WHAT THE TASK ASKS:
Retype the whole listing exactly. Leave out pictures.

DATA EXTRACT:

>>>

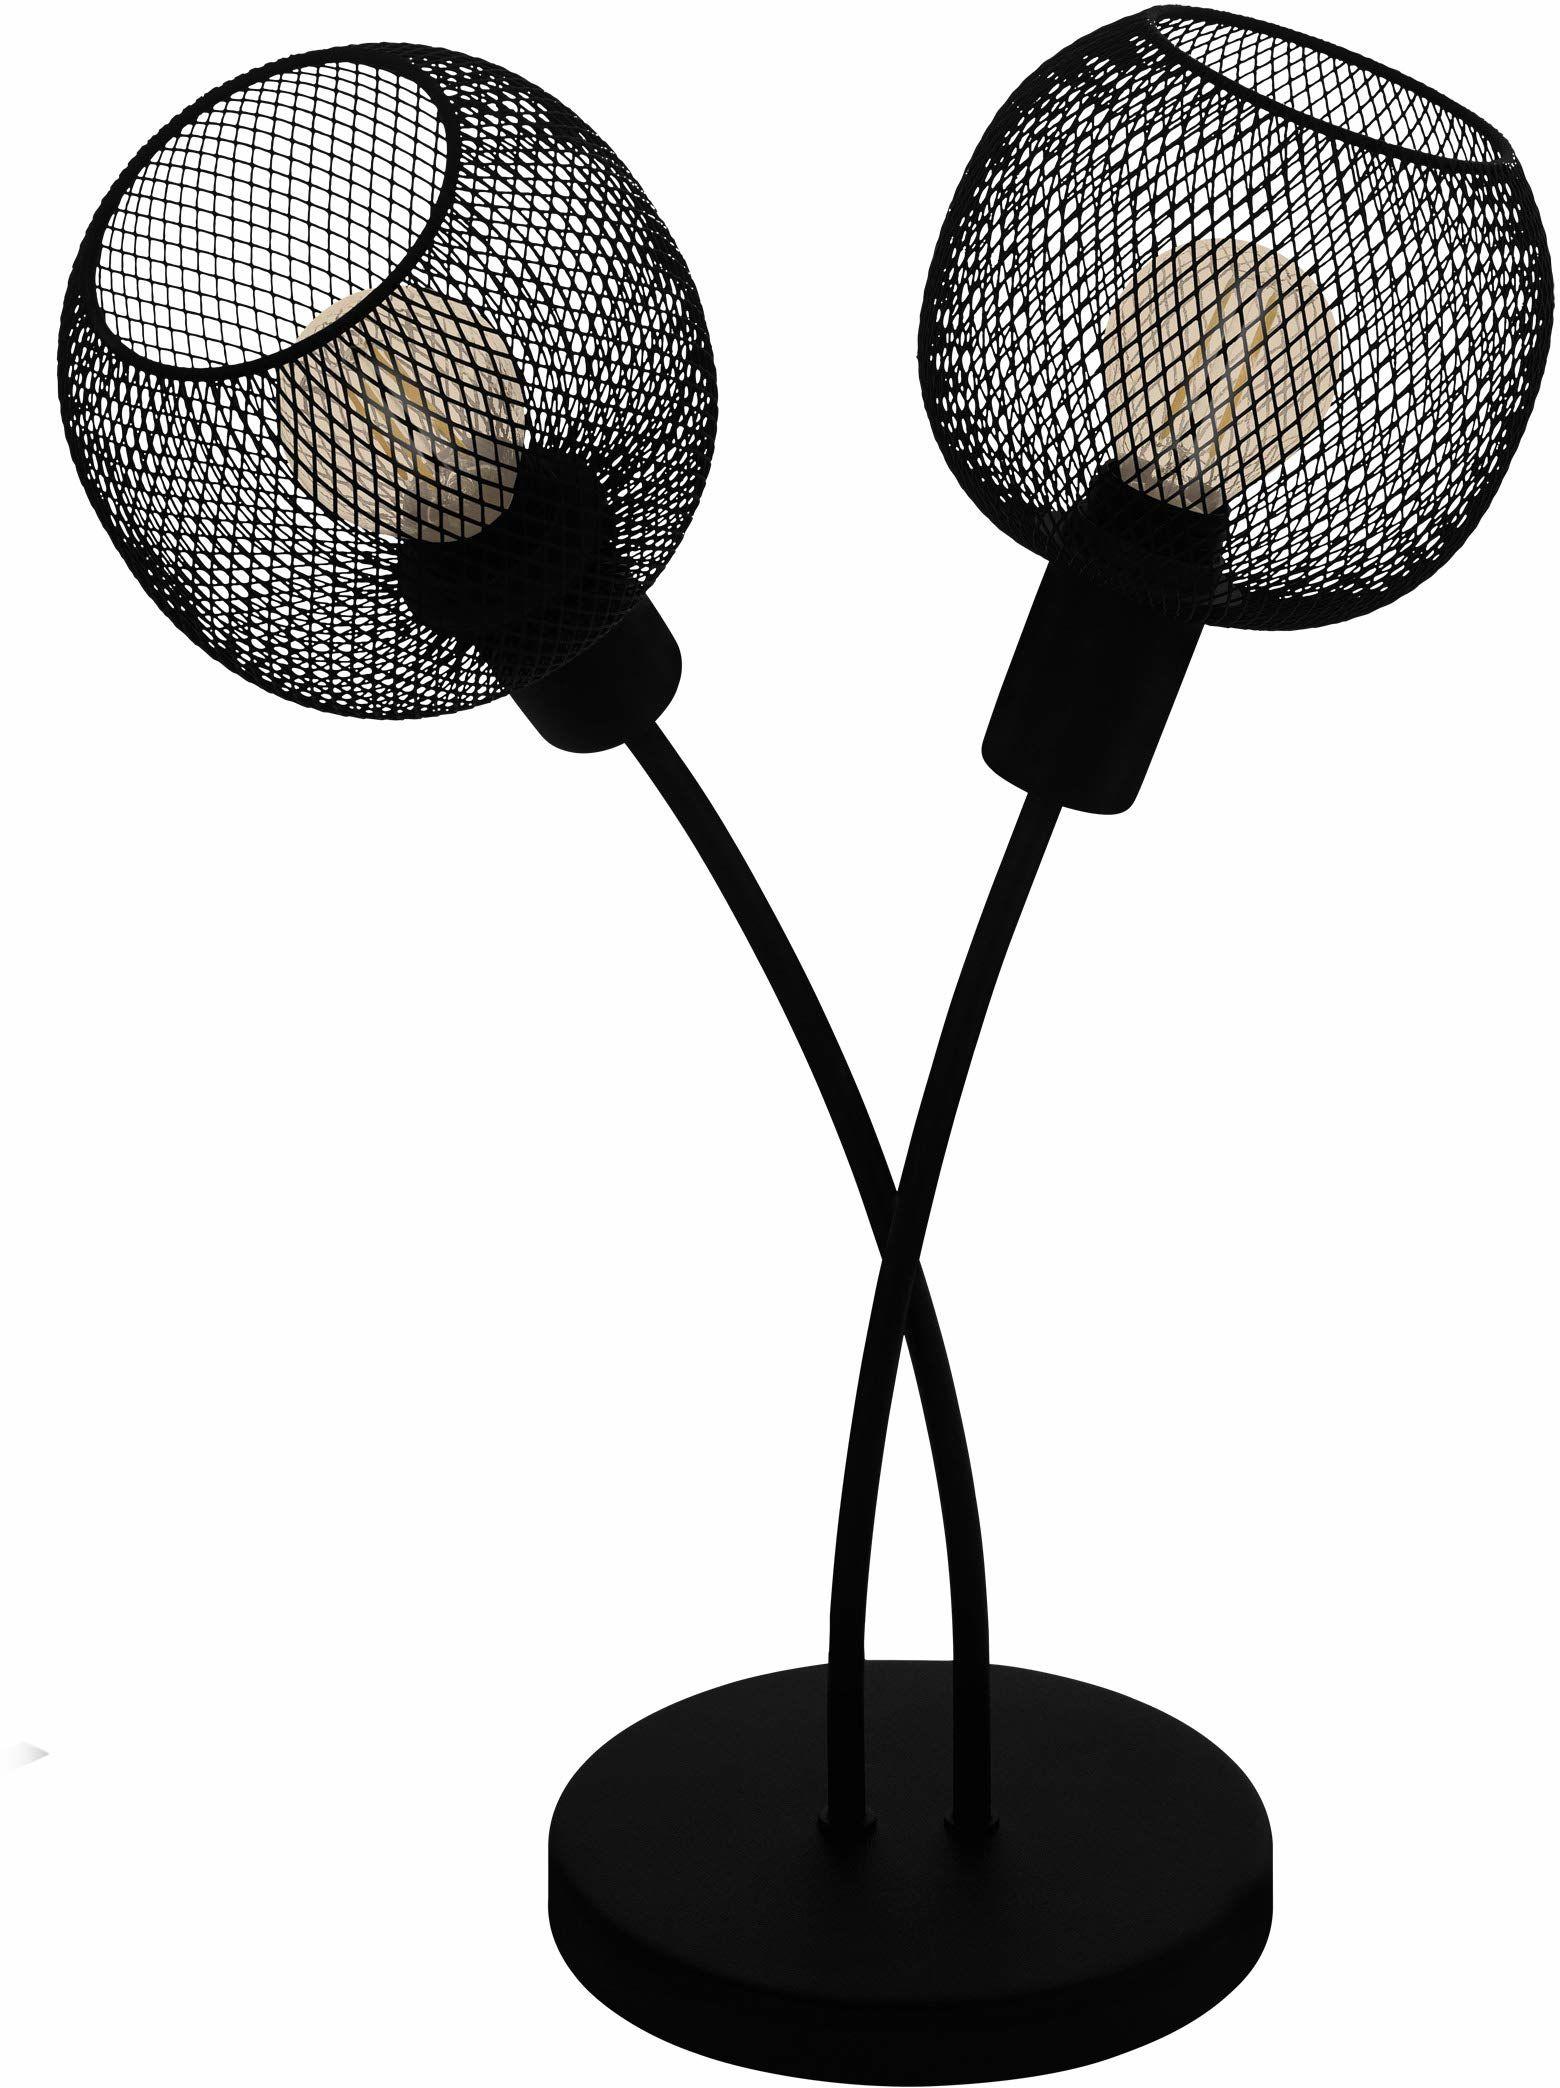 EGLO Lampa stołowa Wrington 1, 1-punktowa lampa stołowa w stylu vintage, industrialny, retro, lampa nocna ze stali, lampa do salonu w kolorze czarnym, lampa z przełącznikiem, oprawka E14
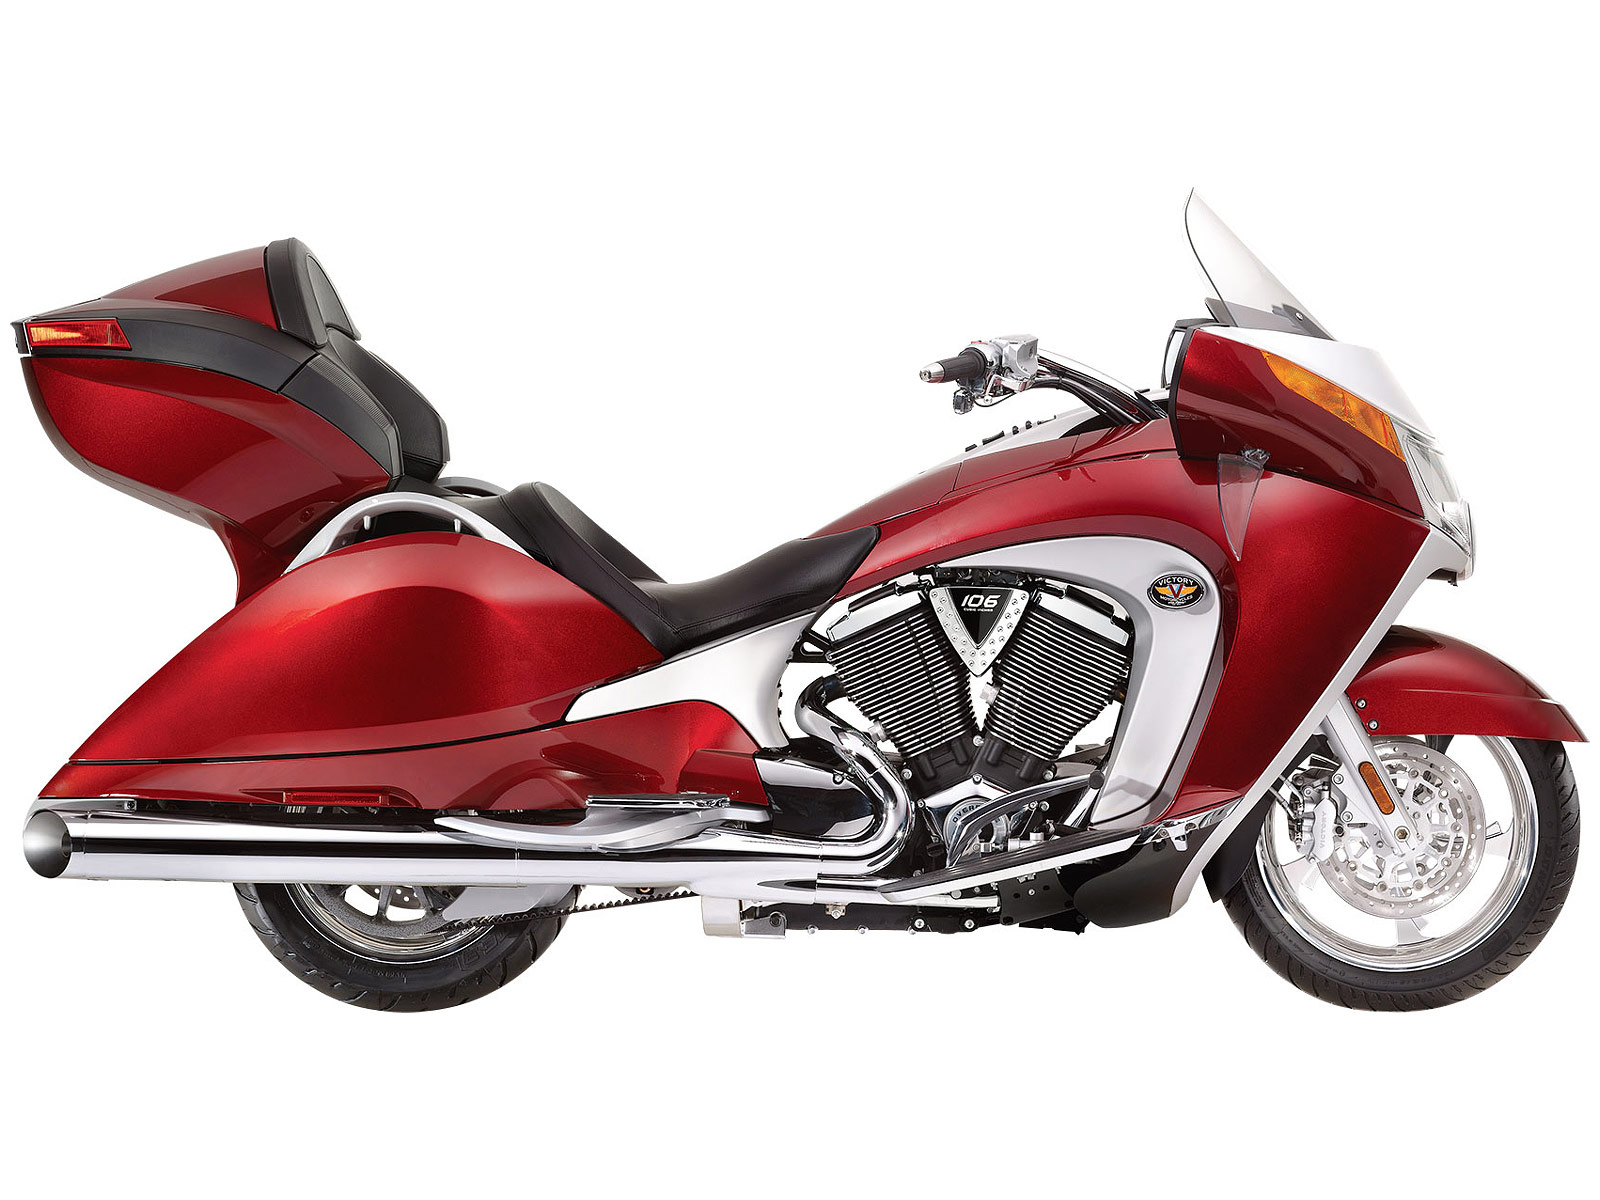 http://2.bp.blogspot.com/-DKmFz00skLM/Tm7IFFNKR_I/AAAAAAAAA3g/Sm_B7W61klQ/s1600/Victory-Vision-Tour_2010_motorcycle-desktop-wallpaper_4.jpg
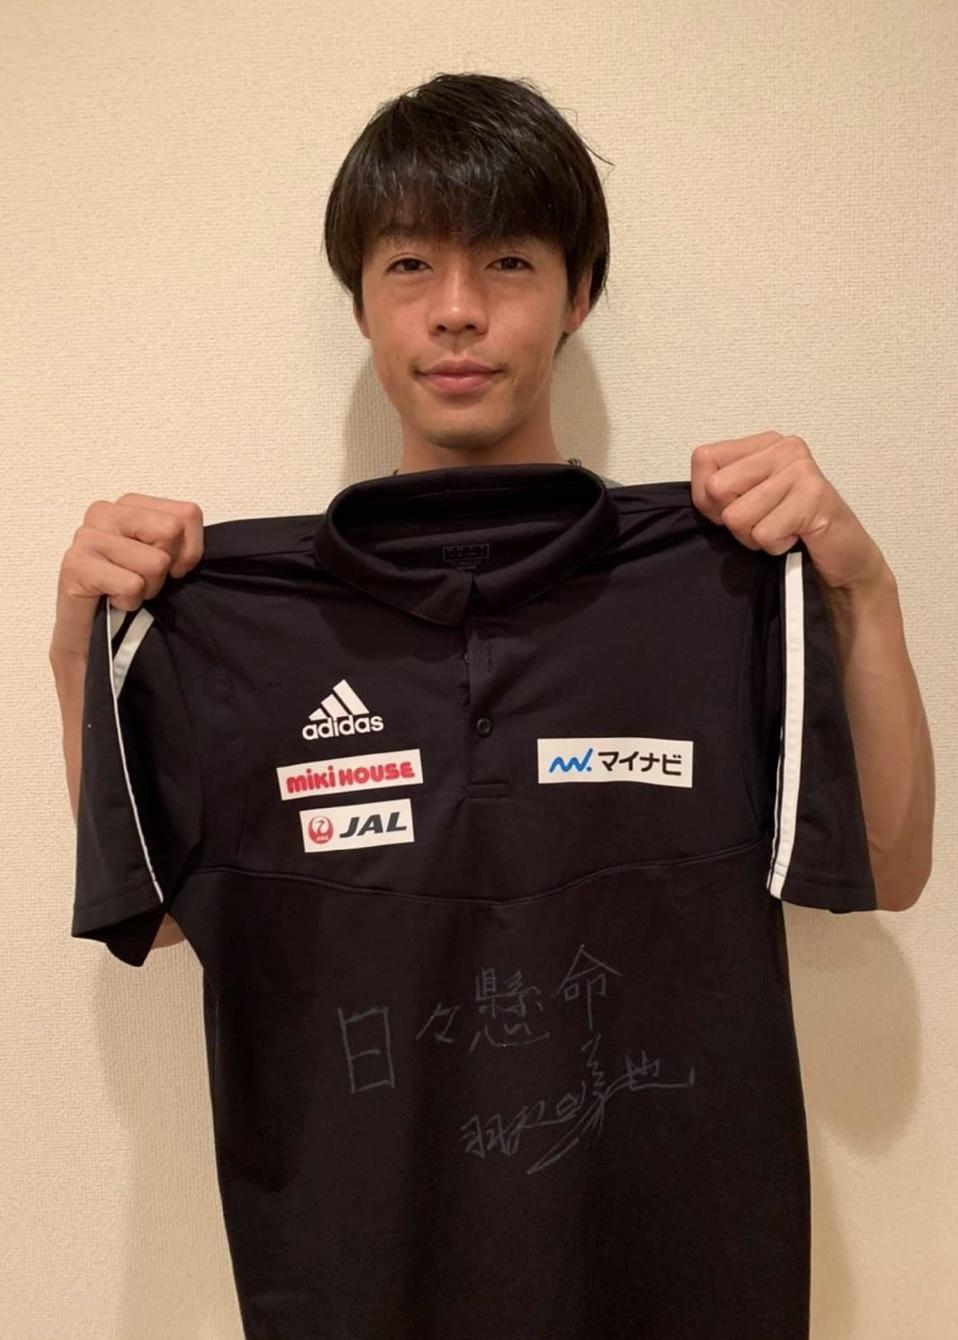 【公式】実使用・本人直筆サイン入「トレーニングシャツ」羽根田 卓也

<<<

EXERCISE ANSWER:
 EGLO Lampa stołowa Wrington 1, 1-punktowa lampa stołowa w stylu vintage, industrialny, retro, lampa nocna ze stali, lampa do salonu w kolorze czarnym, lampa z przełącznikiem, oprawka E14
 http://2.bp.blogspot.com/-DKmFz00skLM/Tm7IFFNKR_I/AAAAAAAAA3g/Sm_B7W61klQ/s1600/Victory-Vision-Tour_2010_motorcycle-desktop-wallpaper_4.jpg
 【公式】実使用・本人直筆サイン入「トレーニングシャツ」羽根田 卓也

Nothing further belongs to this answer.